Erica Zhang
Erica Zhang

Reputation: 23

Spring AMQP RabbitMQ how to make two parallel consumers will not grab same task at the same time?

I have two systems are integrated with RabbitMQ.


BackGround

Client send multiple request messages from Spring-AMQP outbound-Gateway to RabbitMQExchange, the rabbitmq-DirectExchange will use round-robin dispatching those messages to Multiple Workers(Those workers are independent located on different desktops which will parallel running same worker code for processing different messages from RabbitExchange by use simpleMessageListner.


Logic Flow

Similiar with Rabbitmq Tutorial multiWorker-DirectExchange.

Client-----sendRequests (5tasks) to ---->RabbitMQ-DirectExchange

then Rabbitmq-DirectExchange distribute those 5 tasks to workers PC1 ( Worker1 ), PC2 ( Worker2 )
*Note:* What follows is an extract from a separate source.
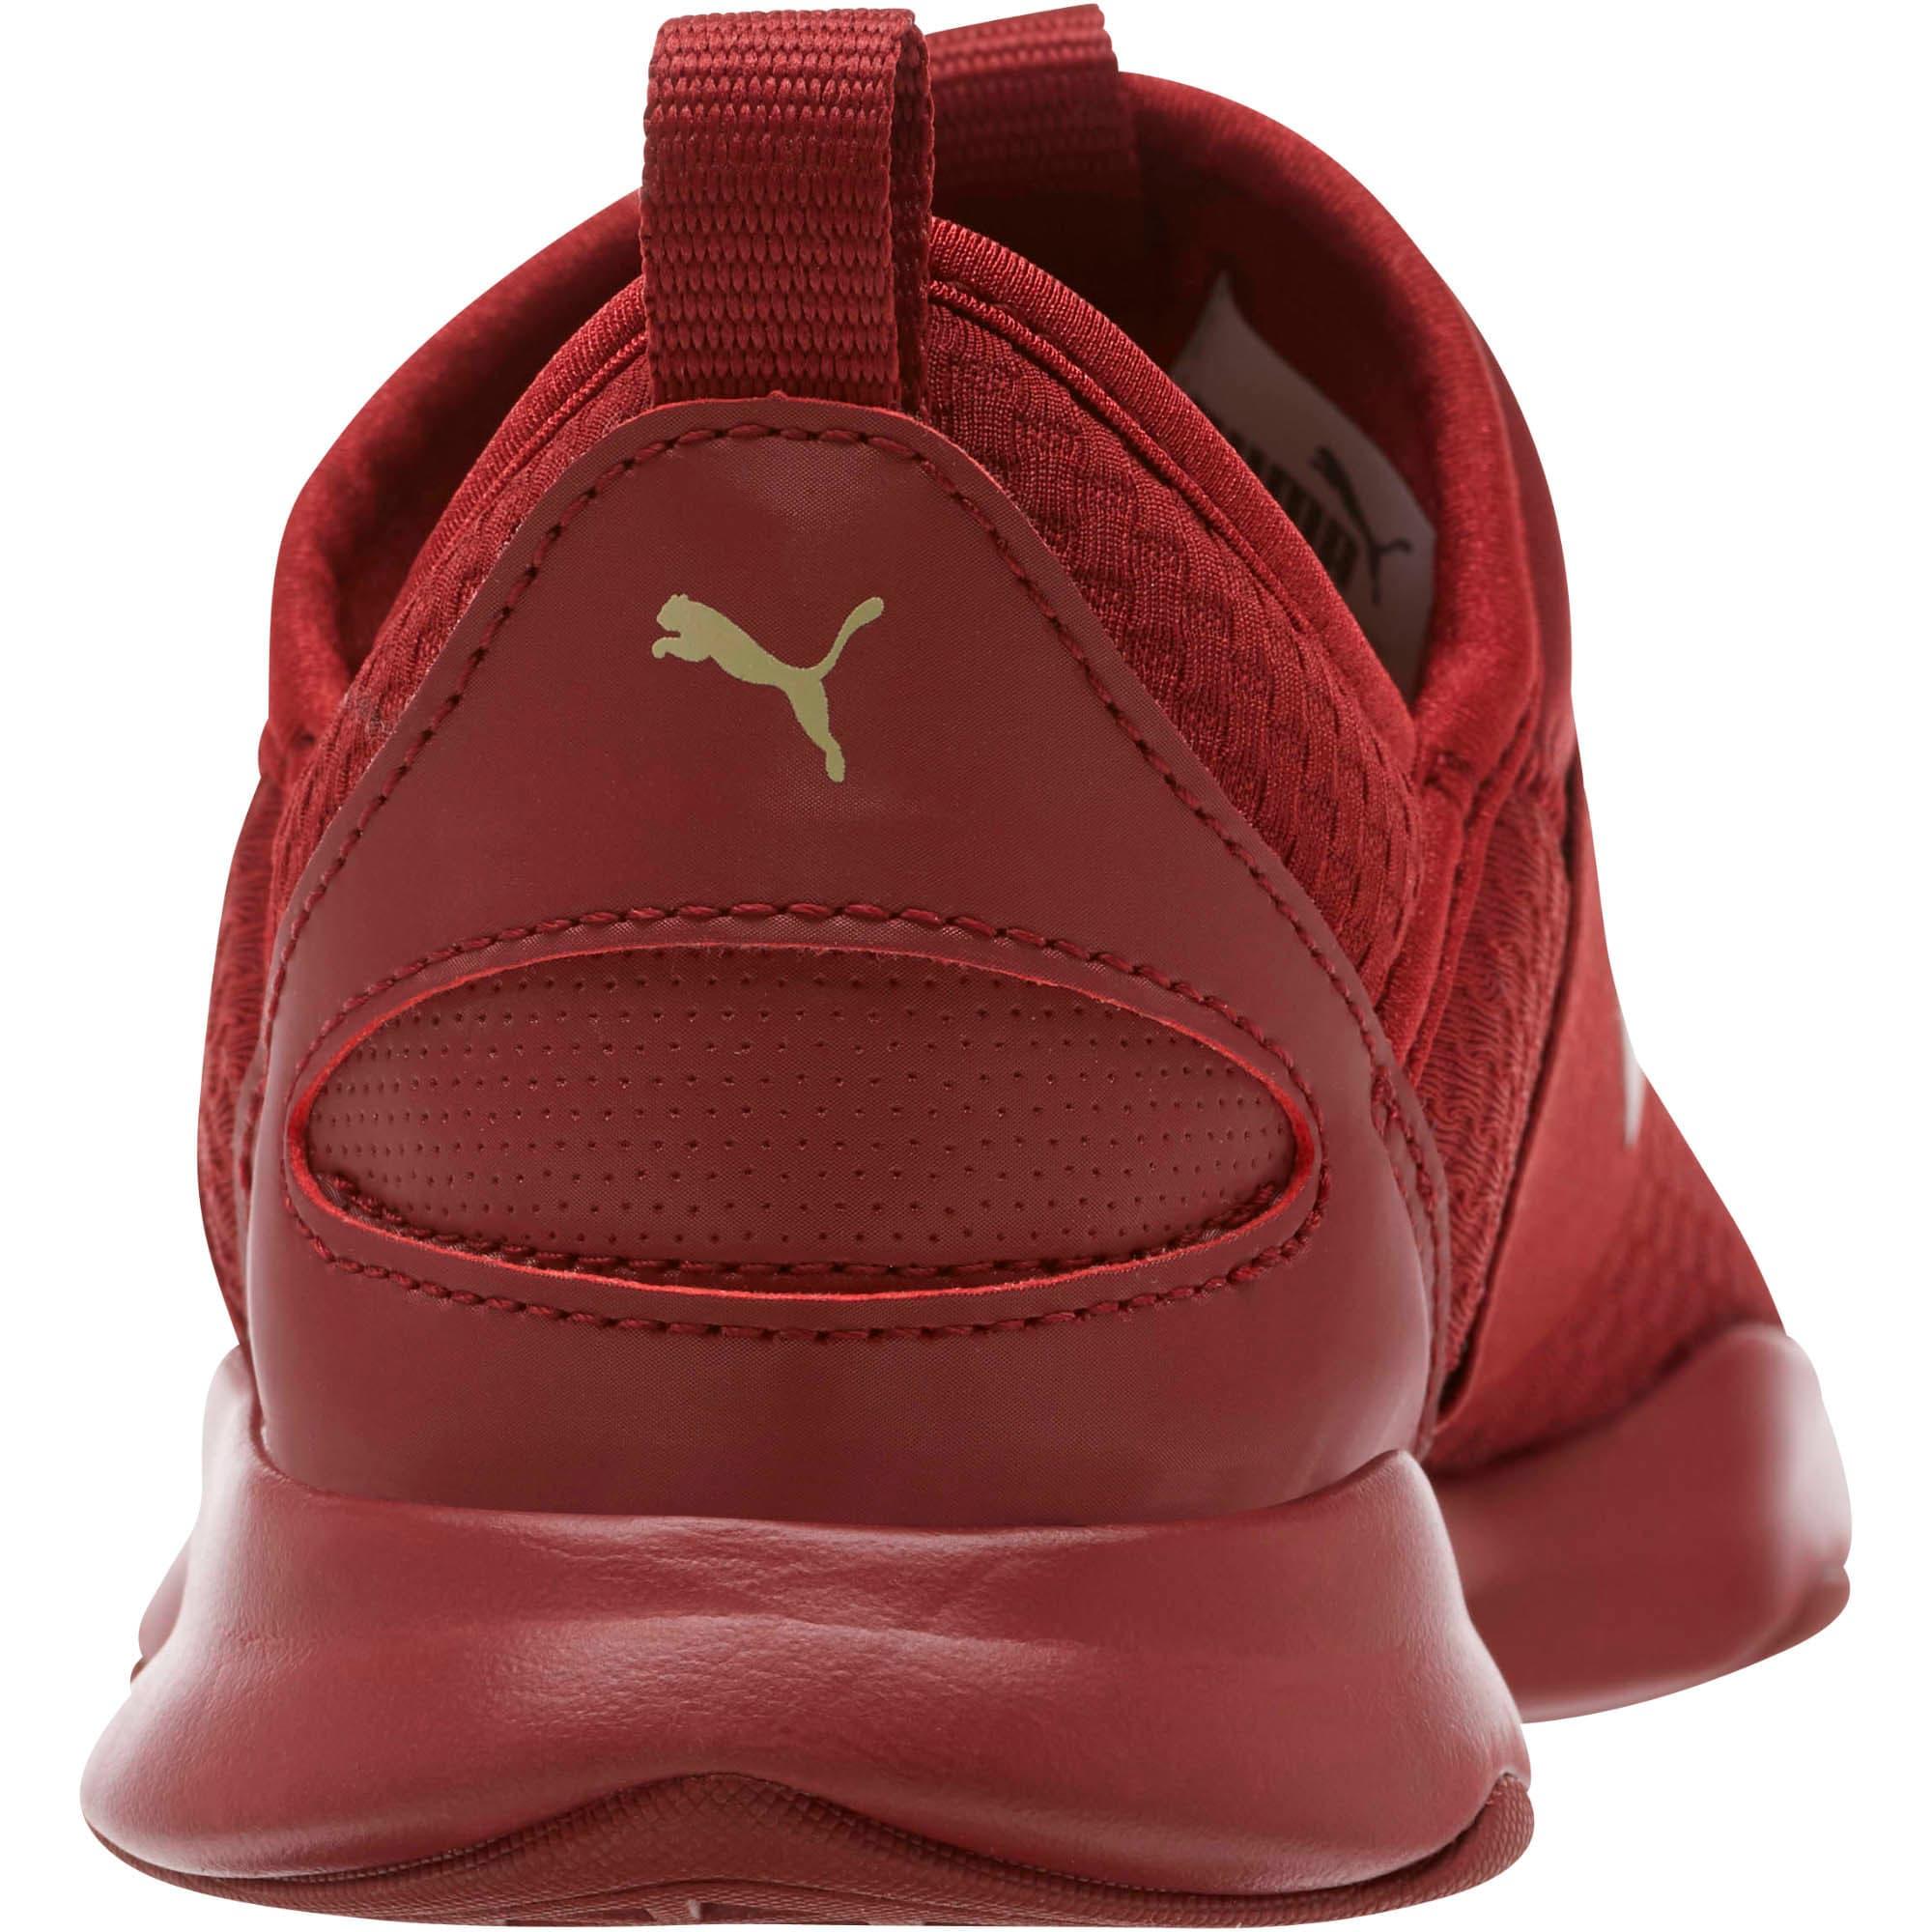 Thumbnail 4 of Dare En Pointe Women's Shoes, Pomegranate-Metallic Gold, medium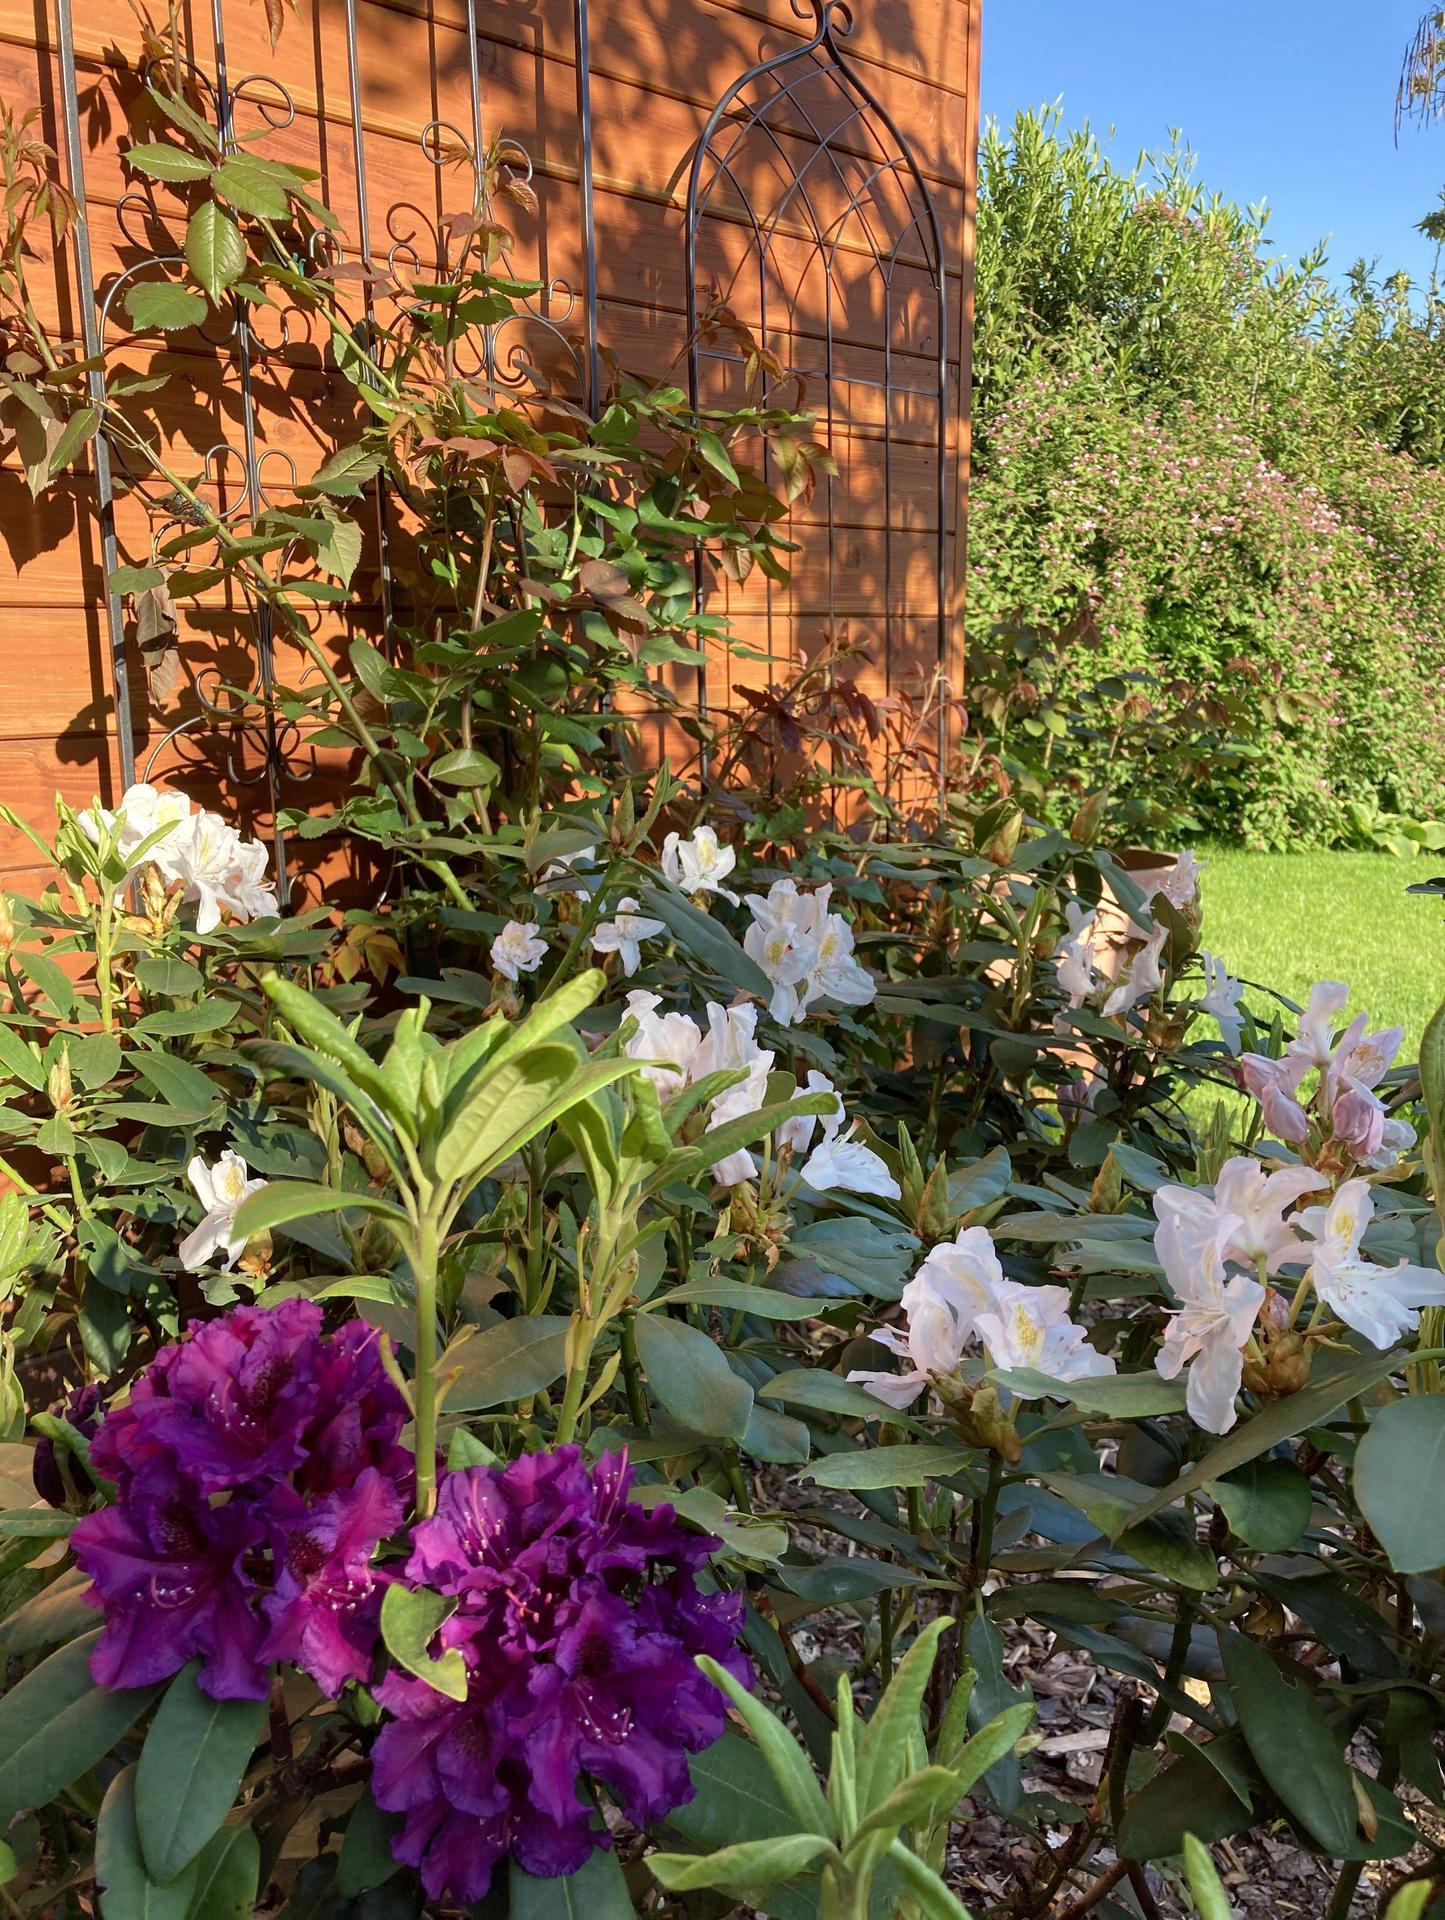 Zahrada 2021 - Popinave ruze se letos  cini- pote, co dostaly oporu....

ExchangeType & my Bindings

<!-- rabbit connection factory, rabbit template, and rabbit admin -->
 <rabbit:connection-factory
         id="connectionFactory"
         host="local IP address"
         username="guest"
         password="guest"
         channel-cache-size="10"   /> 

 <rabbit:template id="amqpTemplate" 
                  connection-factory="connectionFactory"
                  reply-timeout="600000" 
                  exchange="JobRequestDirectExchange"/>

 <rabbit:admin connection-factory="connectionFactory" id="rabbitAdmin" />

 <rabbit:direct-exchange name="taskRequests" 
                         auto-delete="false" 
                         durable="true"  >
     <rabbit:bindings>
        <rabbit:binding queue="jobRequests" key="request.doTask"   />
     </rabbit:bindings>

 </rabbit:direct-exchange>

 <rabbit:queue name="jobRequests" auto-delete="false" durable="true" />

Worker-The consumer Configuration

<rabbit:listener-container  id="workerContainer" 
        acknowledge="auto"
        prefetch="1"                         
        connection-factory="connectionFactory">
    <rabbit:listener ref="taskWorker" queue-names="jobRequests" /> 
</rabbit:listener-container>    

The Worker Class is simple POJO who will process the request and complete task.


Use: RabbitMQ 3.2.2 with Spring-Integration-Amqp 2.2


What I expect

I expect that Worker1 can receive some of tasks while Worker2 can pick the rest of tasks ( the other tasks ).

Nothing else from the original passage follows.